Grown on 10% HBA + selective supplement dent
DNA extraction (Qiagen)
PCR:
Wild Type + Mutant knockout samples:
-8.5μl milli-q water
-1μl forward primer corresponding to the gene that is knocked out (fecA1, fecA2 & frpB1)
-1μl reverse primer corresponding to the gene that is knocked out (fecA1, fecA2 & frpB1)
-2μl HP DNA
-12.5μl Go Taq green master mix
Negative samples (controls) every second well:
Same minus DNA and 10.5μl milli-q water.
94°C-5 min x 1 cycle
94°C-30 seconds x 35 cycles
55°C-30 seconds x 35 cycles
72°C-30 seconds x 35 cycles
72°C-10 mins x 1 cycle
Run at 100V on 1% agarose gel
How did you do the knockout and what sizes do you expect to see after PCR? The knockout genes still contain binding sites for forward and reverse primer?

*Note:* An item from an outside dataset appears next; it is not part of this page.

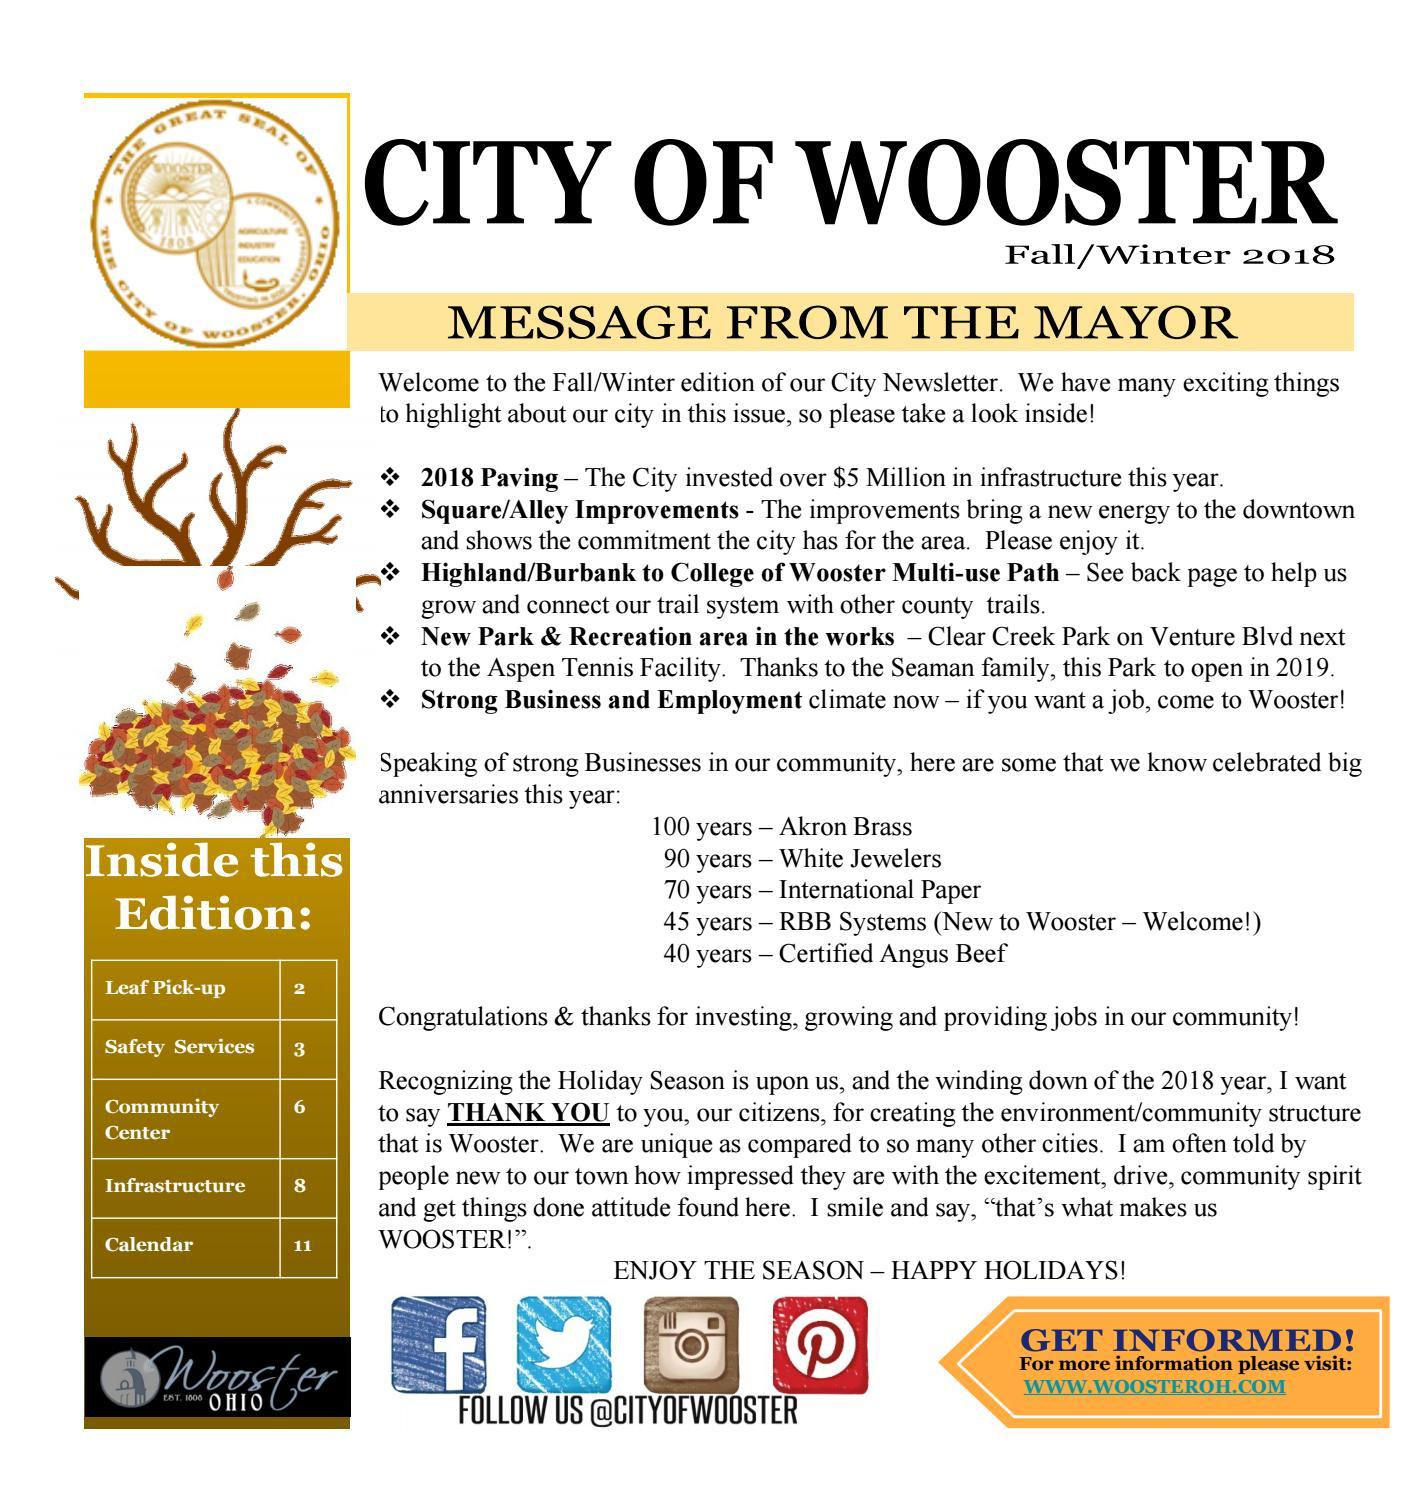 City Of Wooster Fall/winter 2018 Newslettergannett Neo

First, are you sure that your colonies are H pylori (i.e. do they look like H. pylori?)
If yes, Cornelia is right. The key question is which method did you use to obtain those mutants? Did you perform a gene disruption only or did you do a insertion/deletion? What size do you expect on your gel? assuming you did and insertion/deletion, if the size of the deletion is roughly the same size of the kanamycin cassette then your result (appearing as WT) is expected. If you can, use a primer inside the kanamycin cassette and another one, outside your mutated gene. That way, you should observe an amplification only on your positive mutants.
I've never isolated H. pylori colonies with a random recombination phenotype, the most probable is a contamination. You sure is not letal???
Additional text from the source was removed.